Our research experts
Dr. Thomas Strohm
"What is never acceptable – and what we must refrain from doing – is an attempt to justify the research by promising credibility-stretching mythical improvements in existing applications. Most such claims are not likely to be realized and are easily refuted; they only trigger criticism of just how unrealistic the promises are, thereby discrediting the whole work." – H. Kroemer, Nobel Prize speech (2000)
I am a senior research scientist at Bosch Research in Renningen for Quantum Technologies and coordinating Quantum Technologies at Bosch. My focus areas are Quantum Computing and Quantum Random Number Generators and I'm very much interested in the foundations of quantum physics and in modeling quantum systems. Quantum Technologies is a research activity which is still in an early phase and, therefore, cooperation with the academic community and public funding initiatives is important. For this reason, I am very active in the European Quantum Flagship, as a member of its Coordination Office and as a representative of German industry in its European Quantum Community Network.
Robert Bosch GmbH
1999Start at Bosch Research
Max Planck Institute for Solid State Research
1999PhD in physics
University of Karlsruhe
1994Degree in physics
T Strohm (2019)Talk on Quantum sensors and panel discussion at Nobel Laureate Meeting in Lindau
- June 2019
T Strohm, R Rölver (2018)Quantencomputing und andere Quantentechnologien
- Digitale Welt 2 (4), 71-76
T Strohm (2017)Panel discussion on "Getting Quantum Computing to large Enterprise Users" at "Quantum Leap: Final Agenda"
- Munich, June 22, 2017
M Förtsch et al. (2017)Promotion of Quantum Technologies – Position paper of the German Industry
- BMBF, VDI TZ, Jan 2017
A de Touzalin et al. (2016)Quantum Manifesto – A New Era of Technology
- European Commission, May 2016
C Huth et al. (2016)Information reconciliation schemes in physical-layer security: A survey
- Computer Networks 109, 84-104
Interview with Dr. Thomas Strohm
Senior Research Scientist for Quantum Technologies
Please tell us what fascinates you most about research.

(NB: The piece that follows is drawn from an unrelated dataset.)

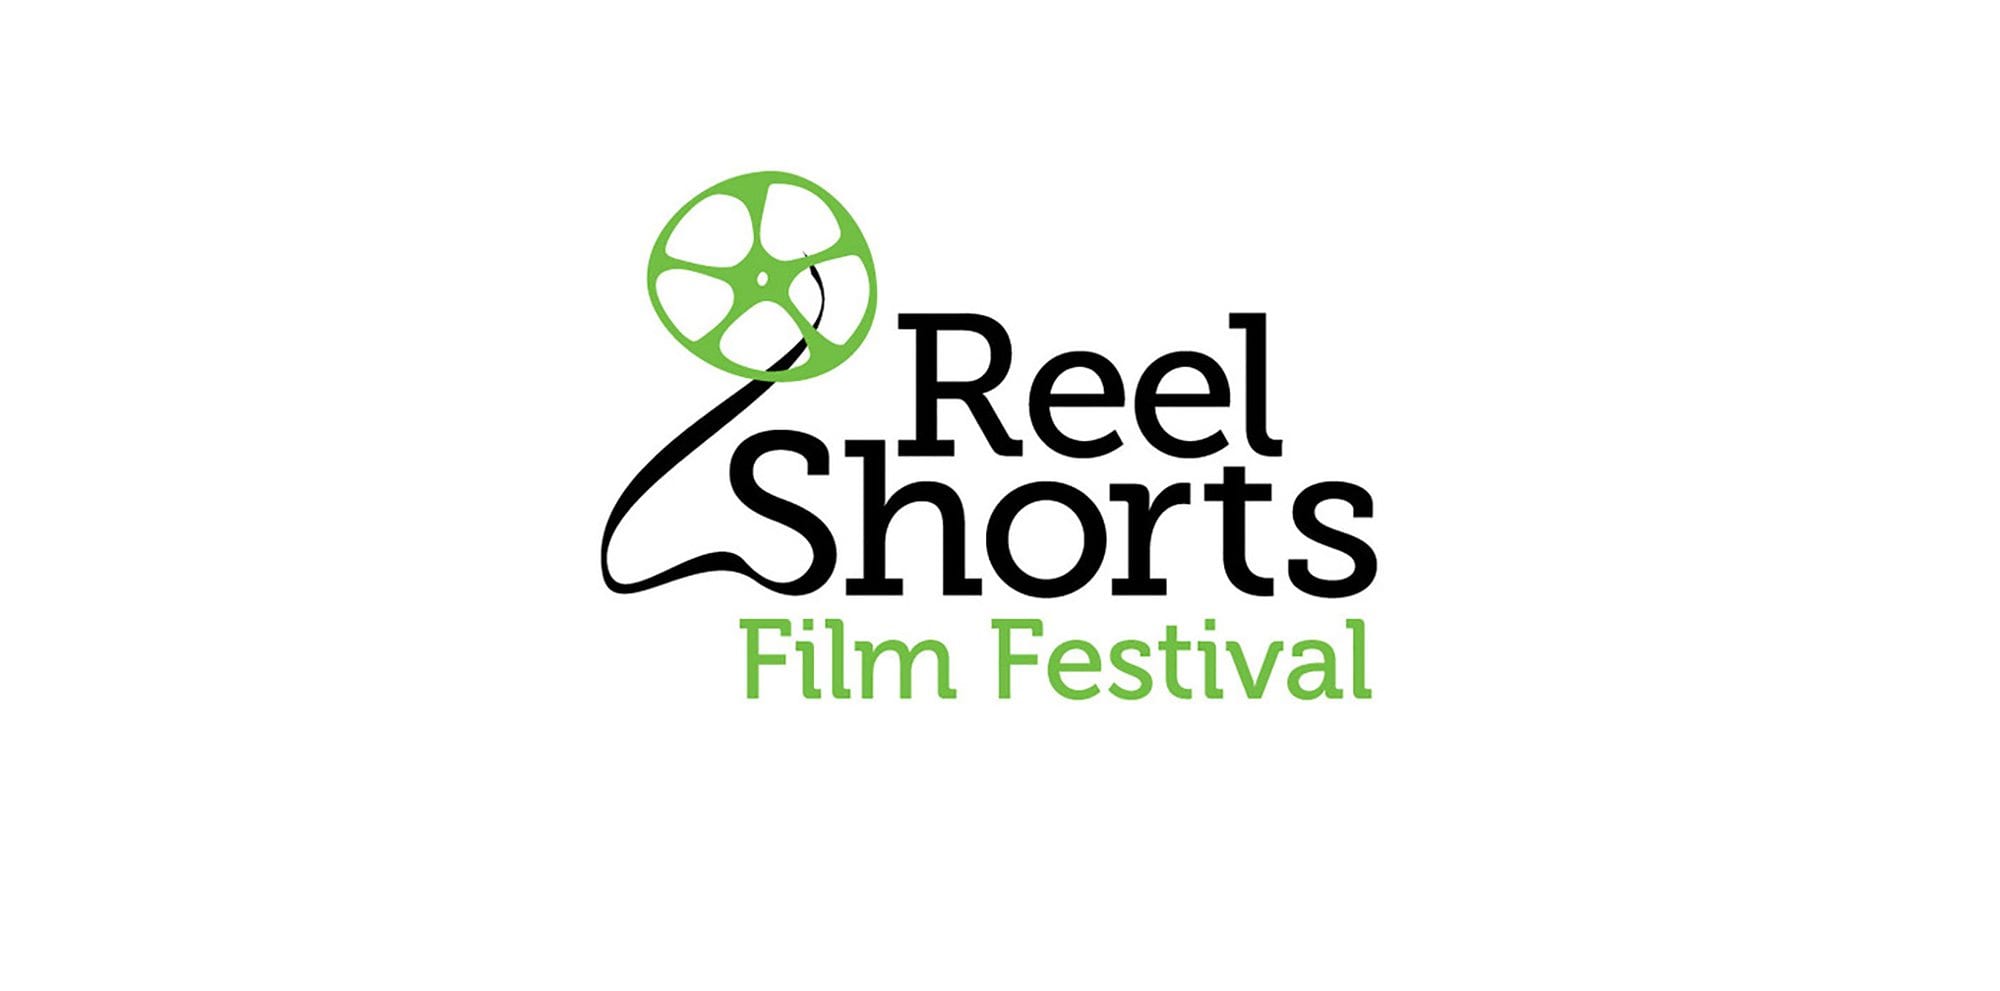 After a burst of inspiration at the Edmonton International Film Festival where Reel Shorts founder Terry Scerbak felt compelled to share some of the phenomenal short films she saw, Reel Shorts was born.

What fascinates me about research? Solving difficult challenges, learning about our world, and understanding it.
What makes research done at Bosch so special?
I like that at Bosch Research, it is also possible to research topics which still need some years to become part of a product or a service. The diversity of competences displayed by Bosch researchers is fascinating. If you face a challenge, you are likely to find someone at Bosch Research who may help you.
What research topics are you currently working on at Bosch?
My research focus is on two topics. The first is quantum computers. We are investigating use cases that are relevant for Bosch and where the use of a quantum computer would be beneficial, basically meaning that it would be (much) faster. The second is quantum random number generators. Here, we are a partner to a European project (QRANGE), where three types of quantum random number generators are developed. My tasks are requirements and architecture development, making proposals for certification, and modeling the devices.
What are the biggest scientific challenges in your field of research?
In quantum computing, there are several major scientific challenges. Quantum computers are notoriously hard to build. Many academic groups have been working in this field for years and different technology platforms have been tried out. Advances have been made but it is still not obvious that in one or two decades we will have a decent quantum computer. Once we have a quantum computer, what will we do with it? This is the other challenge. Apart from materials development, which most experts consider possible already with first and non-perfect quantum computers, applications are still scarce and for many mathematical tasks, a quantum computer does not perform much better than a conventional computer.
For quantum random number generators, it is quite a challenge to miniaturize them and push costs considerably down without jeopardizing the quality of the random numbers. Developing a good quantum-physical model for a particular type of quantum random number generator may also be difficult.
How do the results of your research become part of solutions "Invented for life"?
"Invented for life" means that a technology helps you with your day-to-day problems. A quantum computer via better materials may lead to improved products. It can also be the basis for new services, e.g. better traffic management. And a quantum random number generator may be a contribution to a higher security level in our increasingly connected world.